The A-side of the vinyl release memorably ran to more than 14 minutes, with one of the most joyous build-ups in house music history, before the familiar riff finally breaks in at around the 4:40 mark.

The track is essentially built around the opening riff from Street Player by Chicago, a hit in 1979, with some classic Masters at Work post-production layered on top.

As for The Bucketheads? Kenny ‘Dope’s side project never made it past one album, All in the Mind, released in 1995. But it’s an LP well worth a revival, featuring a range of disco classics updated for the 90s – it was apparently recorded in protest at the Eurodance hits that were flooding the airwaves at the time…

Good work Kenny!

[Kudos to Altra Moda Music for the YouTube upload]

Injected With A Poison’s strange, ecumenical origins…

Injected With A Poison by Praga Khan is one of most frenetic rave tracks of the early 90s, packed with piano stabs, synth bursts, and a smattering of whoops and hollers…

For me, however, the standout elements of the track are the spoken word snippets, as a menacing voice intones “Injected with a poison”, “Are you listening to me?” and “We don’t need that anymore…”

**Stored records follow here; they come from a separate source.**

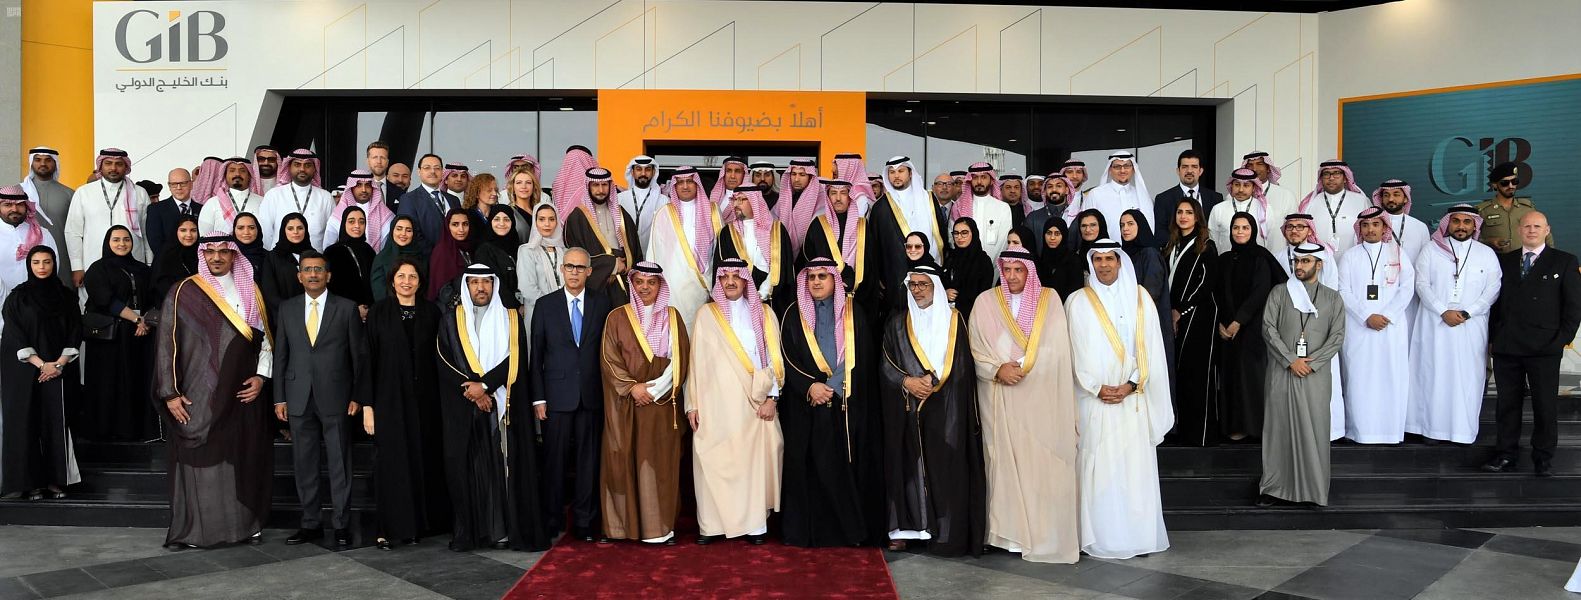 الأمير سعود بن نايف يفتتح مركز عمليات بنك الخليج الدولي بالخبر
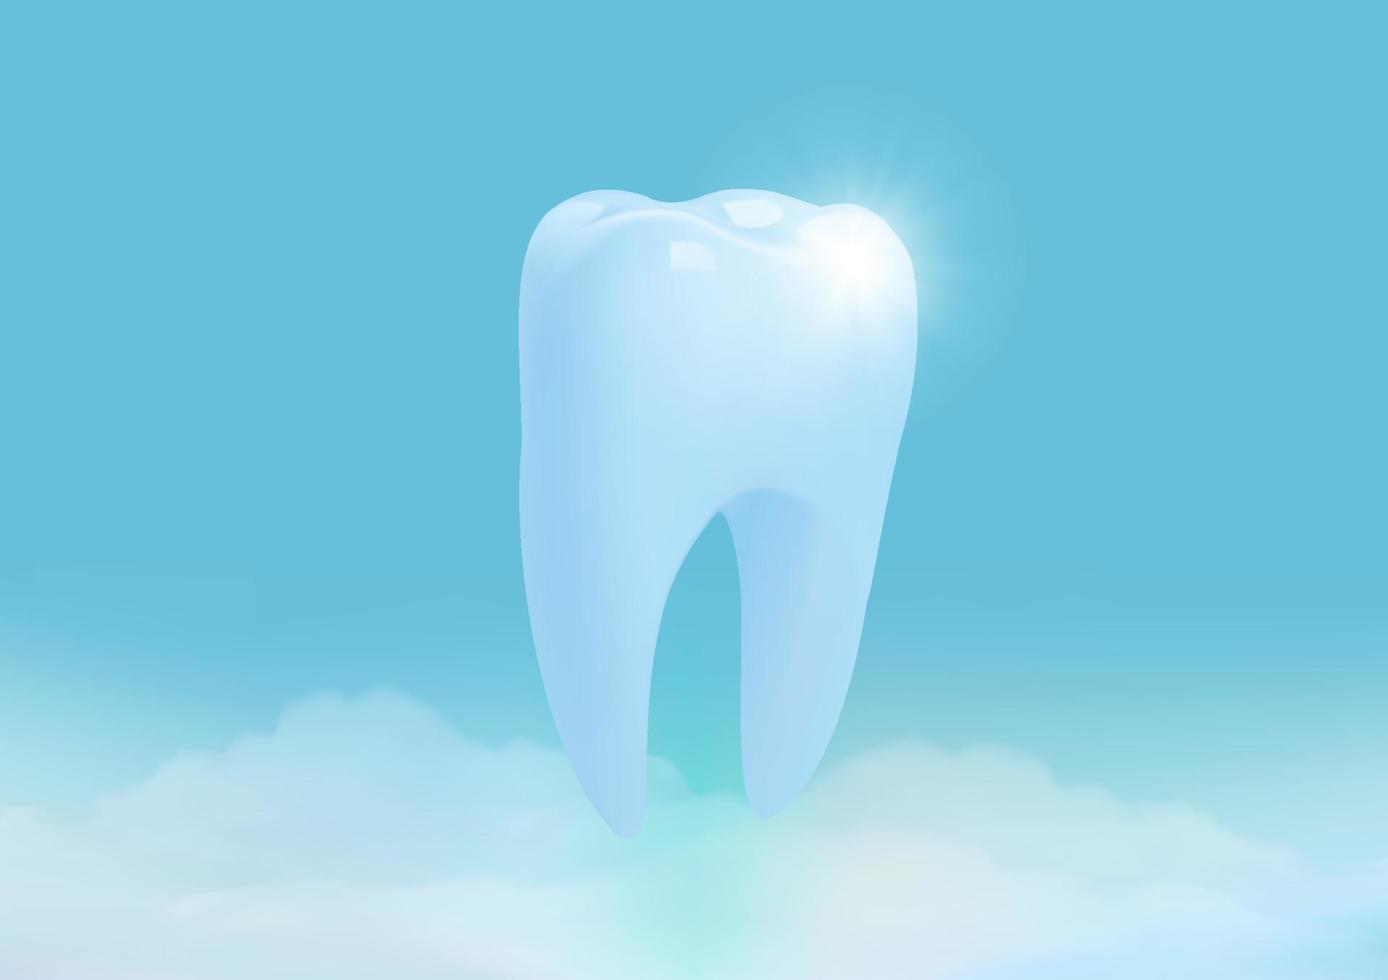 gezonde tand met wolk op blauwe achtergrond, tanden bleken concept, illustratie vector
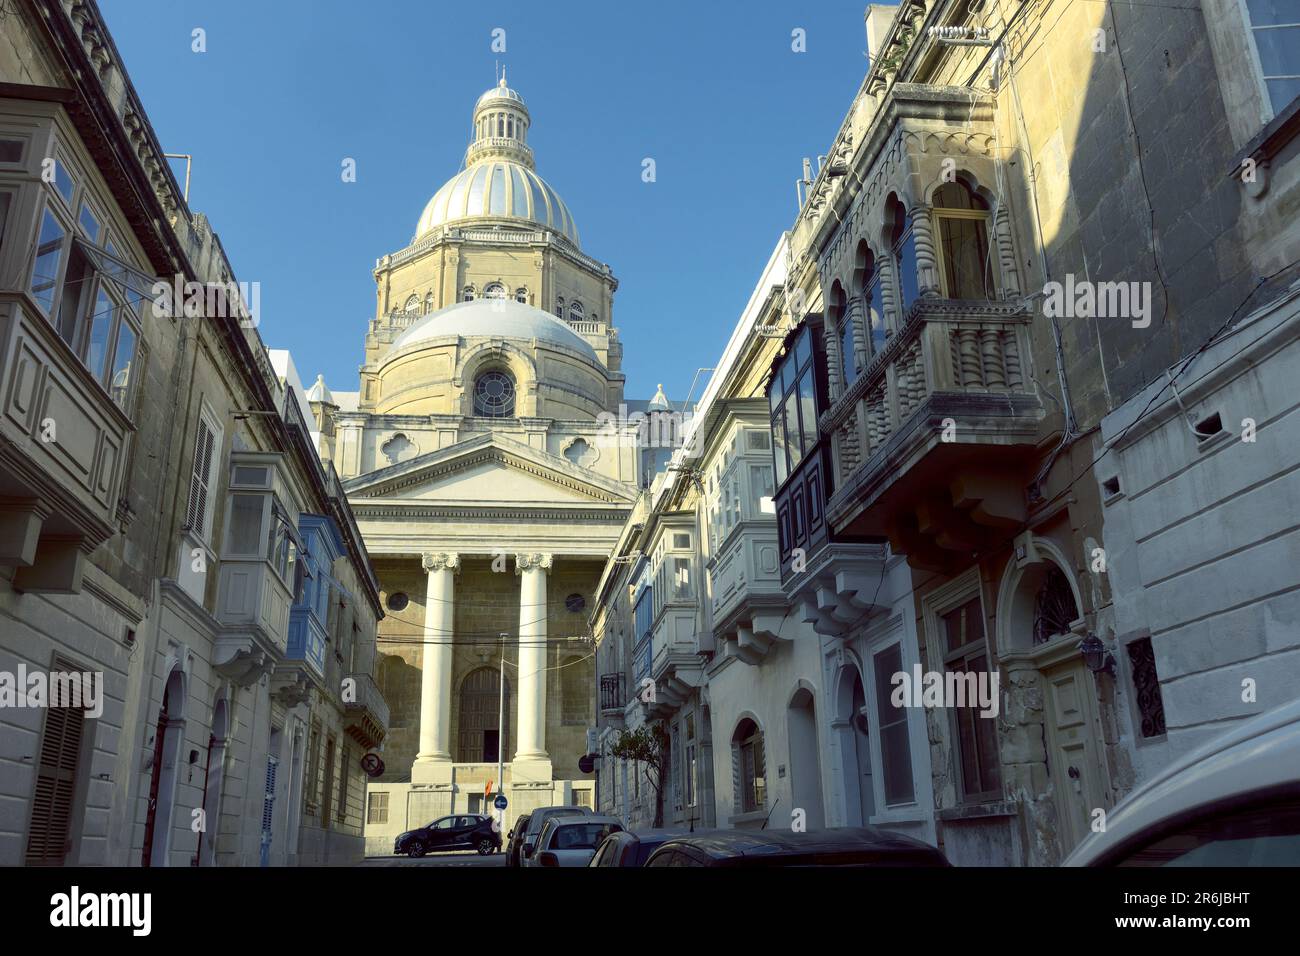 Basilika Christus des Königs und traditionelle geschlossene Holzbalkons (Gallarija) in einer Straße von Paola, Malta Stockfoto

These vocal snatches don’t belong to Praga Khan alter ego Maurice Engelen, or to one of his studio engineers.

Rather they are spoken by a US-based televangelist preacher named Robert Schambach, and form the backing vocal to one of the most unusual tracks to grace the ‘ambient’ genre, Ram by Zoviet France.

Check out the evidence at 00:39, 01:08 and 01.37…

Ram recalls a meeting the late Rev. Schambach had with the attorney for Jim Jones, instigator of the Jonestown Massacre, one of the biggest ritual suicides to take place in the US in the 1970s.

An unusual source for a happy-go-lucky rave cut, certainly.

As for the “There’s a rainbow inside your mind” vocal, well, that belongs to the voice of Jade 4U, the vocalist on the track.

Slightly less ominous origins, then…

[Kudos to Nikodimos Ivanidis and gs85manu for the YouTube uploads]

Hector and Cian go large… Ibiza 2001, Irish style [September 2001]

Fair play to Galway-based DJ Cian Ó Cíobháin for digging this one out and posting it on Facebook the other night…

Back in September 2001, magazine sent more than 100 Irish DJs and clubbers to Ibiza, with Irish-language station TG4 there to capture the madness, as well as find time for a ‘cúpla focal as Gaeilge’ (a few words in Irish).

Cian, a native Irish speaker, joined broadcaster Hector Ó hEochagáin for this fly on the wall documentary, catching up with eccentric locals, try to get in to Space, watch the sun go down and come up again, and compare San Antonio’s West End to Wren’s Day in Dingle (look it up).

Personally, this video holds a special place in my heart as it was filmed the same month (albeit a different week) that I made my first visit to the White Isle. Now, with nine visits under my belt, I’m still holding it together well… I think.